Las toallitas húmedas comportan un importante problema de salud pública desde hace años: según datos aportados en 2017 por la Asociación Española de Abastecimientos de Agua y Saneamiento (AEAS) en España nos cuesta 200 millones de euros anuales. Los problemas son varios: no son biodegradables, la mayor parte de fabricantes incumplen los estándares de calidad para abaratar la producción, están humectados con químicos contaminantes y gran parte de la población los tira por el WC, provocando atascos en el alcantarillado y vertidos de aguas residuales.

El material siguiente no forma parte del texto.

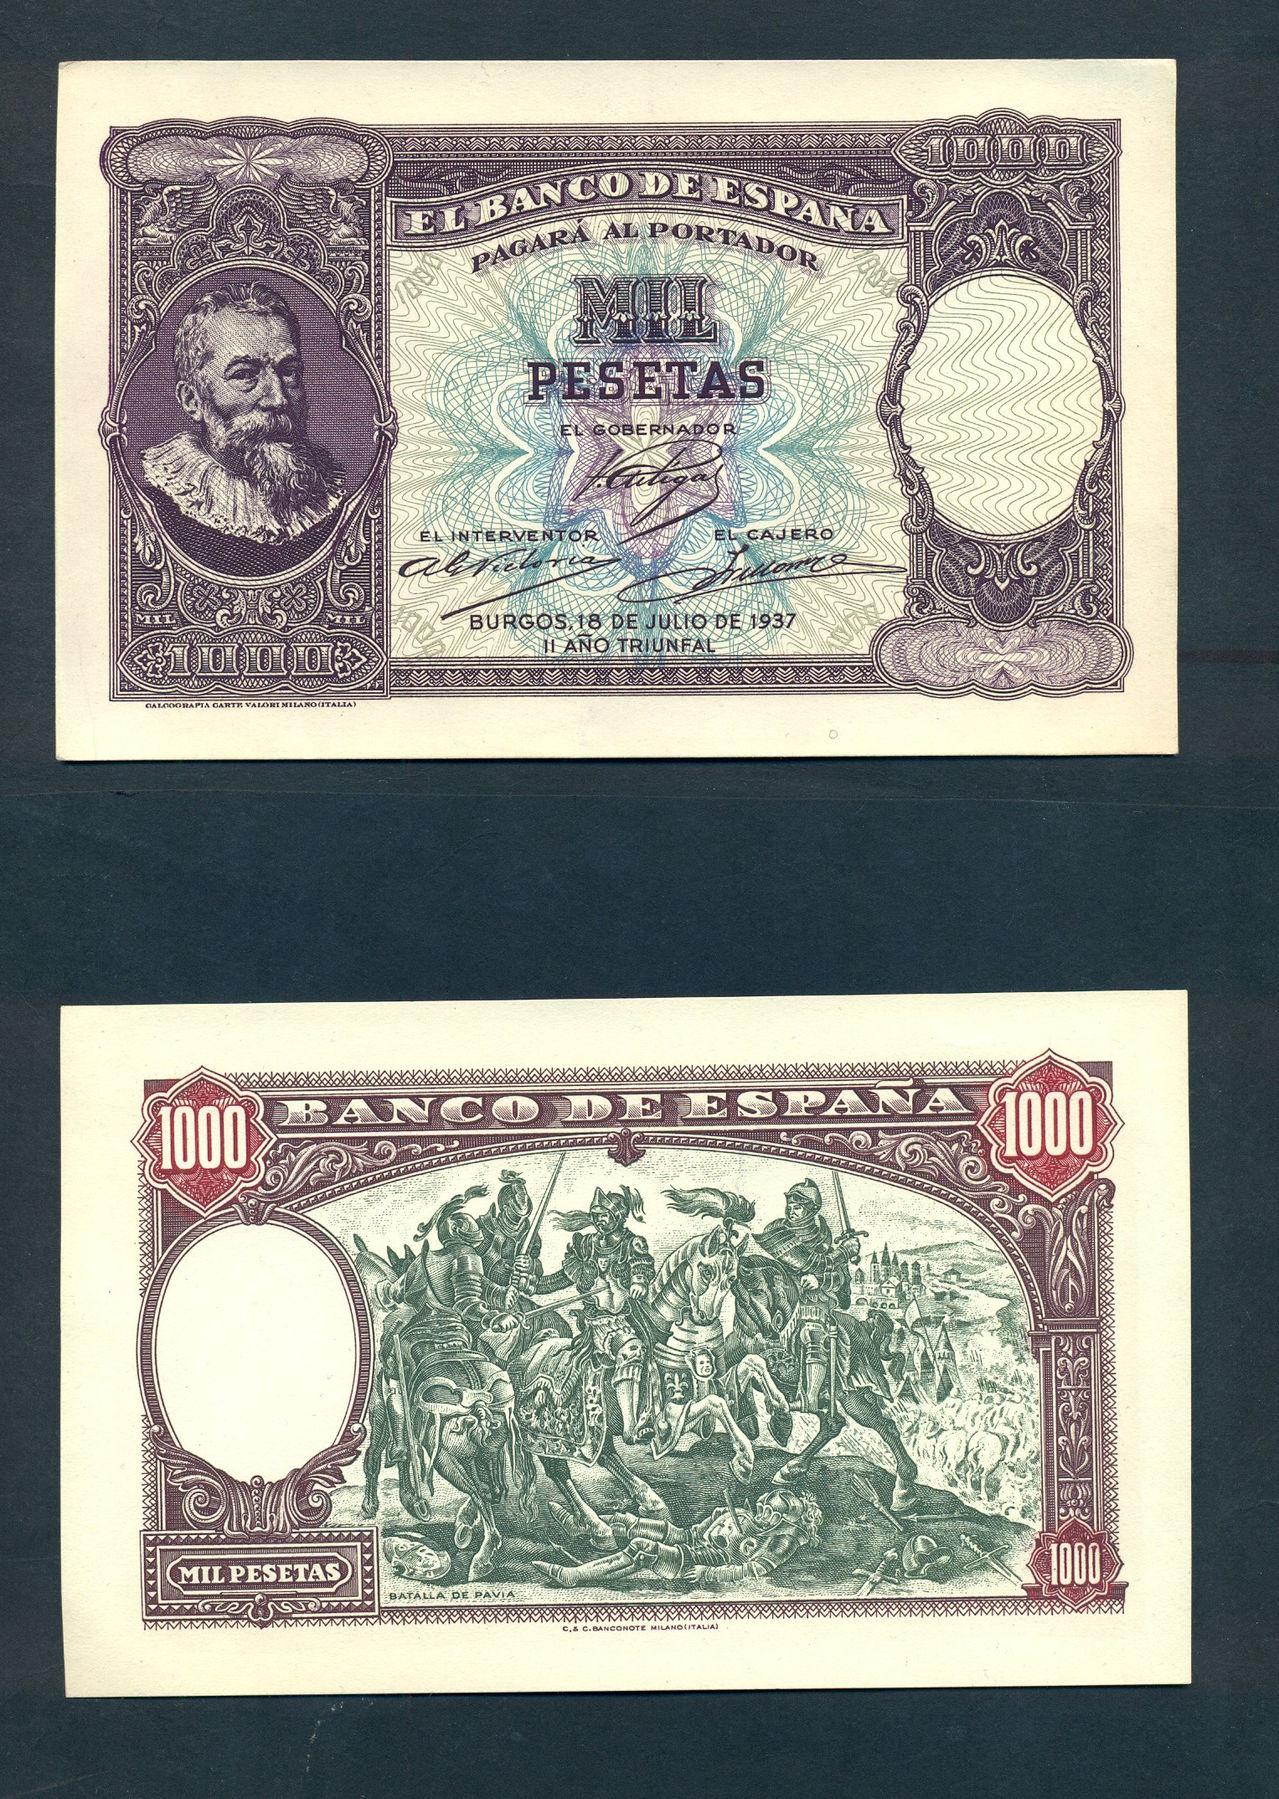 1000 pesetas  1937  (unica prueba conocida en este color) Scan_150350001
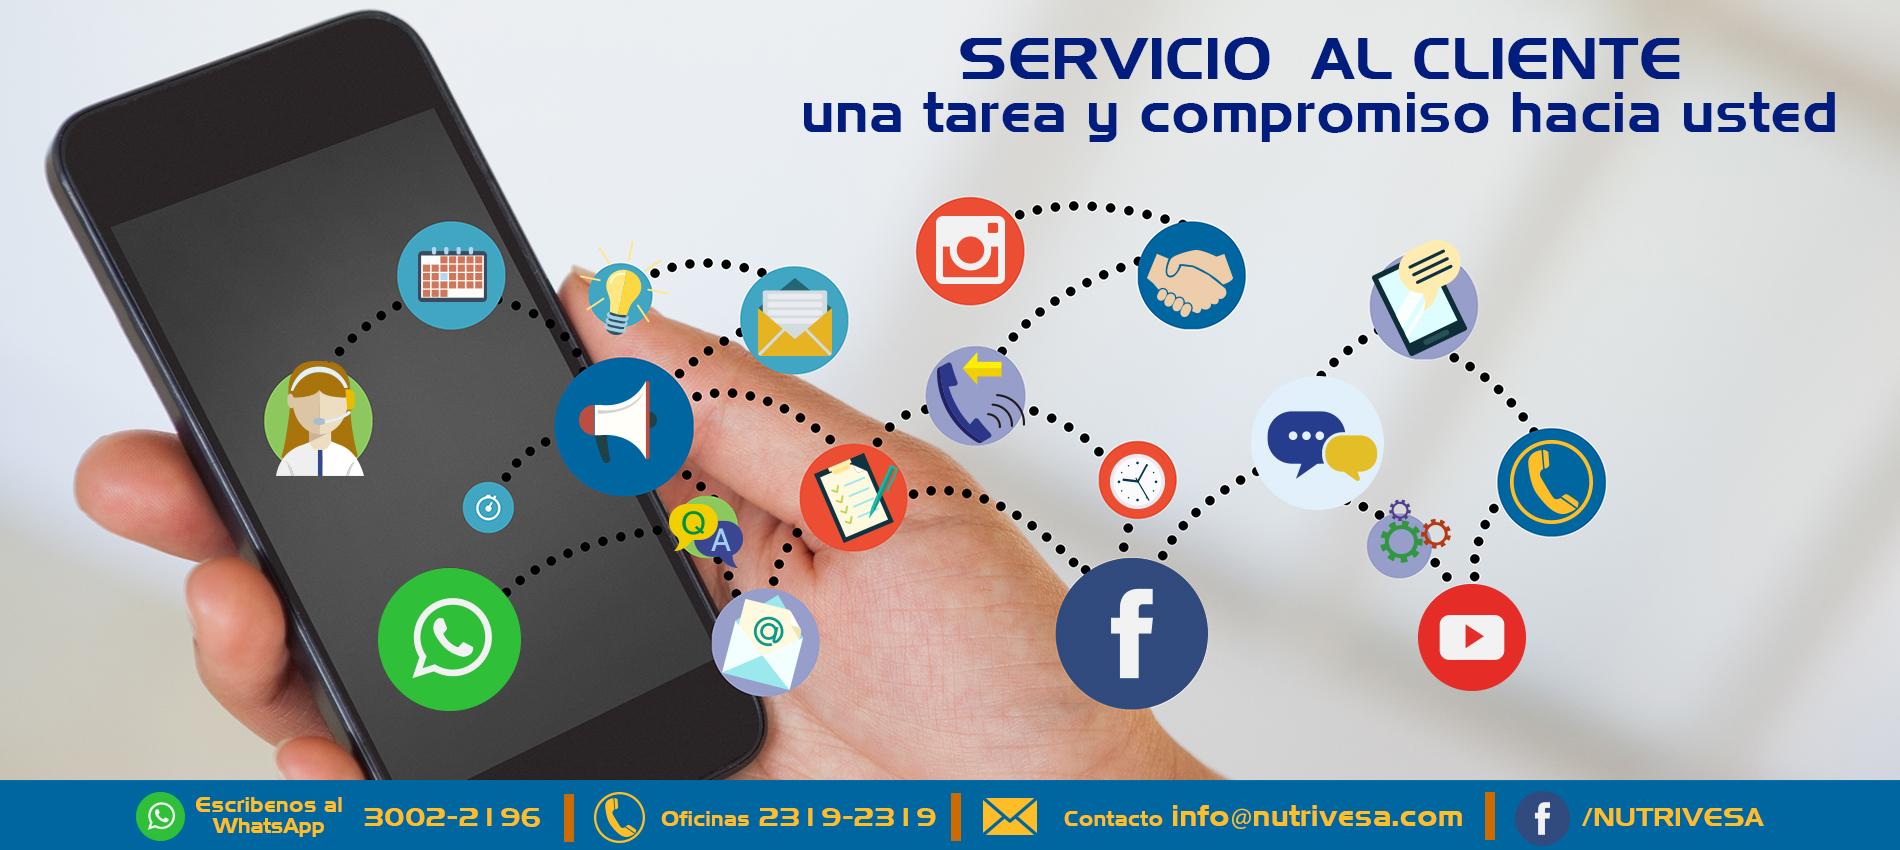 Servicio al Cliente Nutrivesa | Nutrivesa

Durante la pandemia la compra de toallitas húmedas se ha incrementado en un 50%. Estos artículos taponan desagües y colapsan los sistemas de depuración, implicando elevados costes económicos pero también medioambientales.  Algunos gestores de aguas, como en la ciudad de Cádiz, ya han dado la voz de alarma ante el aumento de las incidencias y retirada de estas toallitas de la red de saneamiento: desde el inicio de la crisis sanitaria del coronavirus han subido un 15%.

Desde Greenpeace avisan que el fenómeno puede ser la punta del iceberg de un problema común a todas las redes de evacuación de aguas residuales del país, con potencial de dificultar a la larga el sostenimiento del sistema de saneamiento de las aguas residuales y generar un colapso.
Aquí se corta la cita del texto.